Le cross-linking des récepteurs aux immunoglobulines FcεRI dans les mastocytes n’active pas seulement la SphK1 mais aussi la sécrétion de S1P et l’activation des récepteurs S1P1 et S1P2 qui sont ensuite internalisés. Le S1P1 est requis pour la migration des mastocytes en réponse à un antigène alors que le S1P2 serait nécessaire pour leur dégranulation (Jolly et al., 2004). Cette dernière donnée porte toutefois à controverse, d’autres études montrant que la

dégranulation mastocytaire serait plutôt liée à la signalisation intracellulaire de la S1P (Melendez et al., 2002).

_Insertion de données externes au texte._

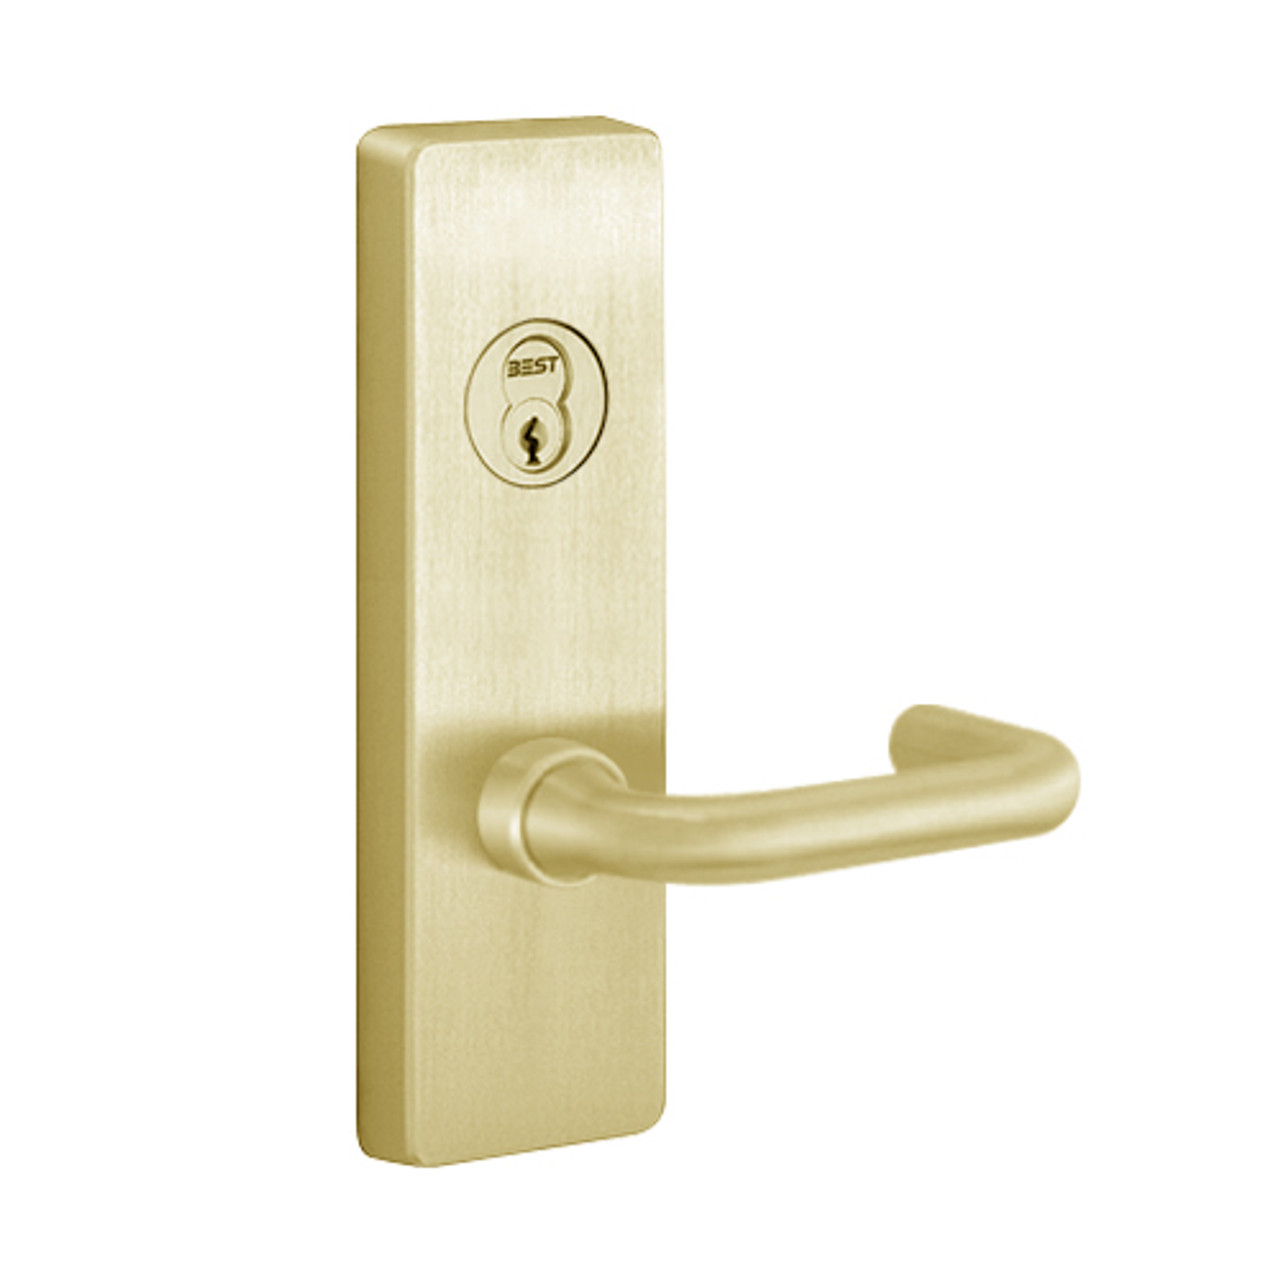 M4903C-605-RHR PHI Key Retracts Latchbolt Trim with C Lever Design for Apex and Olympian Series Exit Device in Bright Brass

En résumé, de nombreuses fonctions biologiques ont été attribuées à la sphingosine 1- phosphate et les sphingosine kinases considérées comme des régulateurs clés des niveaux intra- et extracellulaires de ce sphingolipide (cf figure 9). Cependant, il faut tenir compte dans ces processus de régulation de la participation d’autres enzymes du métabolisme sphingolipidique telles que bien sur la S1P lyase et les S1P phosphatases mais aussi les céramidases, la céramide synthase et la céramide kinase dont les mécanismes de régulation sont encore très peu connus.